Les gardes civils accusent le sauvetage maritime de soumettre des migrants à « l'attente inhumaine » pour être sauvée
Palma 19 août. (Migrant.es) –
L'association unifiée des gardes civils (AUGC) dans les îles Baléares a accumulé les responsables du centre de coordination de sauvetage maritime pour soumettre des migrants qui arrivent à Patera sur les côtes de l'archipel pour « attendre inhumaine » avant d'être sauvé.
Dans un communiqué, l'association professionnelle a également chargé contre la « double norme » avec laquelle les actes de sauvetage maritime, car « violante systématiquement » son engagement à agir immédiatement lorsque l'appel d'urgence est effectué par des immigrants mais pas lorsqu'il y a d'autres personnes touchées.
« Un critère inégal et potentiellement discriminatoire est appliqué, ce qui, dans de nombreux cas, brosse le racisme, selon l'origine ou l'état de ceux qui demandent de l'aide. Il ne peut être toléré que la priorité pour les touristes sur les êtres humains sur le danger soit simplement donnée par leur nationalité ou leur apparence », les gardes civils ont soutenu.
L'AUGC en a donné un exemple une situation qui s'est produite lundi, lorsque environ 16h30, une patera avec 14 migrants a touché la terre à Cabrera. Bien qu'il ait confirmé son arrivée via le système Sive et plusieurs appels à 112 effectués par les migrants eux-mêmes, Maritime Rescue ne s'est pas fait qu'à 23h30, plus de sept heures plus tard.
Pendant ce temps, toujours selon la version de l'association professionnelle, les migrants ont été négligés « dans des conditions extrêmes de fatigue, de soif, de faim et de désespoir ». Deux d'entre eux sont venus vomir et ont besoin de soins de santé, et d'autres ont joué dans des affrontements pour une tension accumulée.
Lorsque Maritime Rescue est finalement arrivé, l'AUGC s'est poursuivi, trois autres Patera sont arrivés et, avec seulement deux agents en service et un bateau, ils ont dû aller immédiatement pour les intercepter, laissant une seule garde civile et trois militaires gardant les 14 migrants qui étaient déjà sur terre jusqu'à 03,00, à leur retour.
Cette situation d'abandon et de risque « , a alerté les agents », n'est pas opportun mais habituel et affecte les immigrants et les agents eux-mêmes, qui sont exposés à des jours inhumains de plus de 24 heures sans le soutien nécessaire. «
Pendant ce temps, toujours selon sa version, dans Formentiera, il y avait trois médias maritimes « infrusonisés » ce jour-là malgré le fait que Cabrera est le principal lieu d'arrivée des navires migrants.
Cette situation, ils ont contrasté, contraste avec celui qui s'est produit la semaine dernière lorsqu'un appel d'un voilier ancré à Cabrera a motivé « l'intervention rapide » de l'hélicoptère de sauvetage maritime sans même ne pas même ne pas être informé des agents déployés dans la région.
« Cependant, lorsque ceux qui appellent sont des immigrants, beaucoup d'entre eux dans une situation désespérée sont nécessaires pour confirmer l'urgence avant de mobiliser les ressources. Cette pratique, en plus de supposer une perte de temps dangereuse, entraîne ce qui pourrait être décrit comme un refus d'aide », a déclaré l'AUGC.
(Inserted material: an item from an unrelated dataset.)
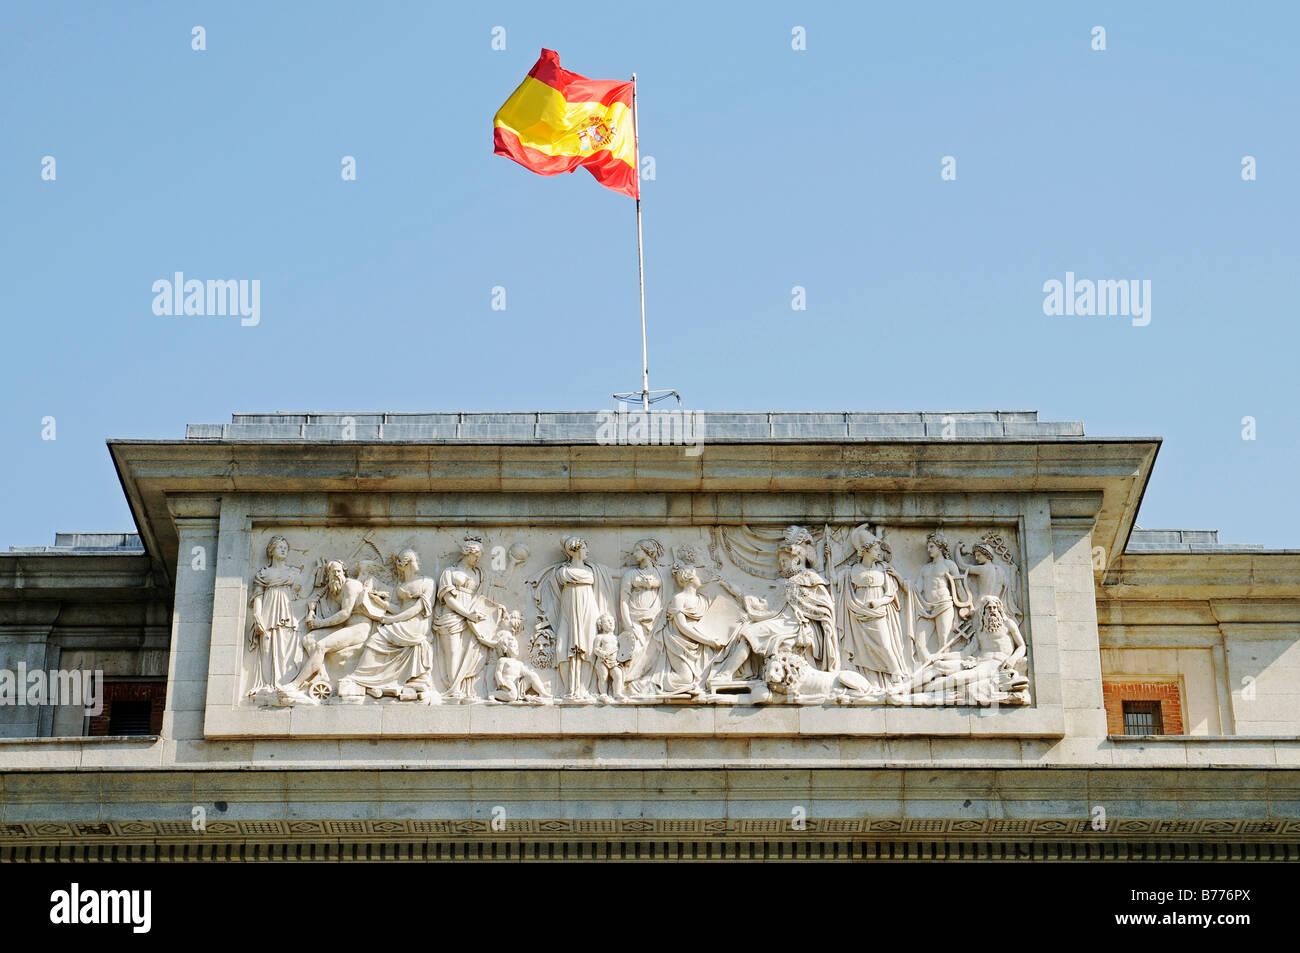 National flag, front, entrance, Puerta de Velazquez, Prado, museum, Madrid, Spain, Europe - Stock Image

Les gardes civils ont libéré l'équipage du Salvamar et Guardamar, qui « réalisent leur travail avec responsabilité et efficacité » et se rendent aux urgences lorsqu'ils sont activés, et ont indiqué les décisions prises par le centre de coordination de sauvetage maritime.
Ils ont accusé de « retarder ou de nier directement » l'activation des troupes de sauvetage malgré les appels d'urgence à 112 et les données confirmées par le système sive « , soumettant les immigrants à l'attente inhumaine et aux agents et agents à des situations de risque inacceptables. »
« Que se passerait-il si chaque fois qu'il s'appelait une ambulance, si celui qui appelle est un immigrant, au lieu d'être envoyé directement, il serait envoyé en premier pour vérifier la garde civile? Le scandale serait supérieur.
Par conséquent, ils ont exigé la réalisation de l'engagement supposé par Maritime Rescue pour intervenir avant tout appel de 112 « sans exceptions ni retards », la fourniture de médias humains et matériels suffisants pour le contrôle et le sauvetage des pateras dans les îles Baléares et la mise en œuvre d'un protocole unique et équitable de l'action « qui ne font pas la discrimination à ceux qui demandent de l'aide en fonction de leur nationalité ou de leur situation administrative ».
De plus, cette responsabilité politique et opérationnelle est assumée par ceux qui «par action ou omission commettent la vie des gens et exposent des agents à des situations à risque élevé».